Settings can be adjusted via the .env file created from .env.example. Environment and other general configuration are in the compose.yml and environment-specific overrides (compose.staging.yml, compose.PRODUCTION.yml) files, in the environment sections.

Additionally:

  • _resources directory: contains favicon, logo, styles, and customizations for the chameleon skin and additional MediaWiki extensions.
  • _settings/LocalSettings.php: contains settings for MediaWiki core and extensions. If customization is required, change them there.
  • For production backups with restic, create the file ./secrets/restic-GCS-account.json, containing your Google Cloud Storage credentials.

db

The database used is the official MySQL 8 container.
The most important environment variable is MYSQL_ROOT_PASSWORD; it specifies the password set for the MySQL root superuser account.

If changed, ensure corresponding database passwords (MW_DB_PASS in the web section) are updated accordingly.

web

environment variables

  • MW_SITE_SERVER configures $wgServer; set this to the server host and include the protocol like https://bugsigdb.org
  • MW_SITE_NAME configures $wgSitename
  • MW_SITE_LANG configures $wgLanguageCode
  • MW_DEFAULT_SKIN configures $wgDefaultSkin
  • MW_ENABLE_UPLOADS configures $wgEnableUploads
  • MW_ADMIN_USER configures the default administrator username
  • MW_ADMIN_PASSWORD configures the default administrator password
  • MW_DB_NAME specifies the database name MediaWiki uses
  • MW_DB_USER specifies the DB user MediaWiki uses; default is root
  • MW_DB_PASS specifies the DB user password; must match your MySQL password
  • MW_PROXY_SERVERS configures $wgSquidServers for reverse proxies (typically varnish:80)
  • MW_MAIN_CACHE_TYPE configures $wgMainCacheType. (CACHE_REDIS is recommended)
  • MW_LOAD_EXTENSIONS provided as comma-separated list of MediaWiki extensions to load during container startup
  • MW_LOAD_SKINS comma-separated list of MediaWiki skins available for use
  • MW_SEARCH_TYPE configures the search backend (typically CirrusSearch)
  • MW_NCBI_TAXONOMY_API_KEY, MW_RECAPTCHA_SITE_KEY, MW_RECAPTCHA_SECRET_KEY optional/requested third-party API keys
  • MW_ENABLE_SITEMAP_GENERATOR enables sitemap generator script on production (true/false)

restic (production only)

The restic container handles scheduled backups (weekly/monthly retention settings) through incremental snapshots:

  • RESTIC_PASSWORD - password to encrypt backup
  • AWS_ACCESS_KEY_ID, AWS_SECRET_ACCESS_KEY - access credentials for S3-compatible storage
  • BACKUP_CRON, CHECK_CRON - cron schedule for automatic backup and check operations

updateEFO (production only)

This Python-based container automatically updates EFO terms and links in the glossary:

  • UPDATE_EFO_BOT_PASSWORD - authentication password for bot account
  • UPDATE_EFO_PAUSE - update frequency in seconds (default 86400 sec / 24h)
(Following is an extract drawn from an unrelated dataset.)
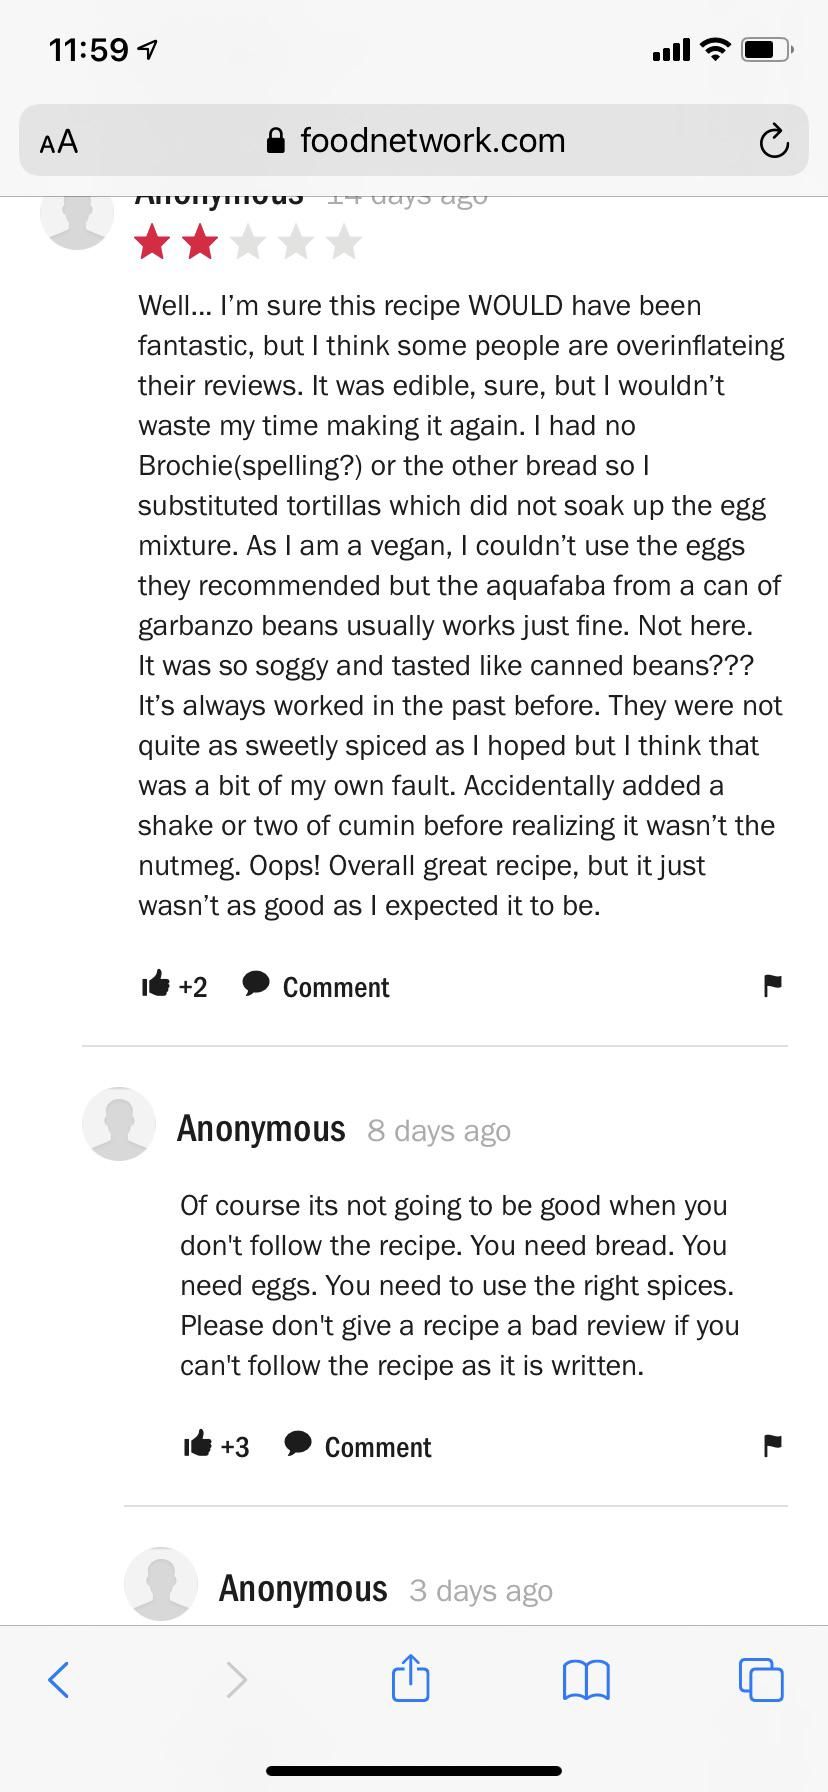 This is a review for a French toast recipe

Note: the script may produce extra load to the wiki so it's recommended to schedule it for nigh time, also worth to consider that it takes time to process all the pages so average script cycle is ~4-8 hours. You can change sleep timeouts via -z parameter.

matomo

Matomo instance provides website analytics:

  • Default admin username: admin
  • MATOMO_PASSWORD - sets the initial password for matomo administration panel

varnish

Varnish cache container used as reverse proxy and front-end cache server:

  • VARNISH_SIZE - amount of RAM to dedicate to caching (e.g., 100m)

Basic Authentication (Staging Only)

  • BASIC_USERNAME - basic http username
  • BASIC_PASSWORD - basic http password (hashed using openssl passwd -apr1)

Data

Bind mounts

Used to just binding a certain directory or file from the host inside the container. We use:

  • ./__initdb directory is used to pass the database dump for stack initialization

Named volumes

Data that must be persistent across container life cycles are stored in docker volumes:

  • db_data (MySQL databases and working directories, attached to db service)
  • elasticsearch_data (Elasticsearch nodes, attached to elasticsearch service)
  • web_data (Miscellaneous MediaWiki files and directories that must be persistent by design, attached to web service )
  • images (MediaWiki upload directory, attached to web service and used in restic service (read-only))
  • redis_data (Redis cache)
  • varnish_data (Varnish cache)
  • matomo_data (Analytics data)
  • restic_data (Space mounted to the restic service for operations with snapshots)

Docker containers write files to volumes using internal users.

Log files

Log files are stored in the _logs directory.

Keeping up to date

Make a full backup of the wiki, including both the database and the files. While the upgrade scripts are well-maintained and robust, things could still go awry.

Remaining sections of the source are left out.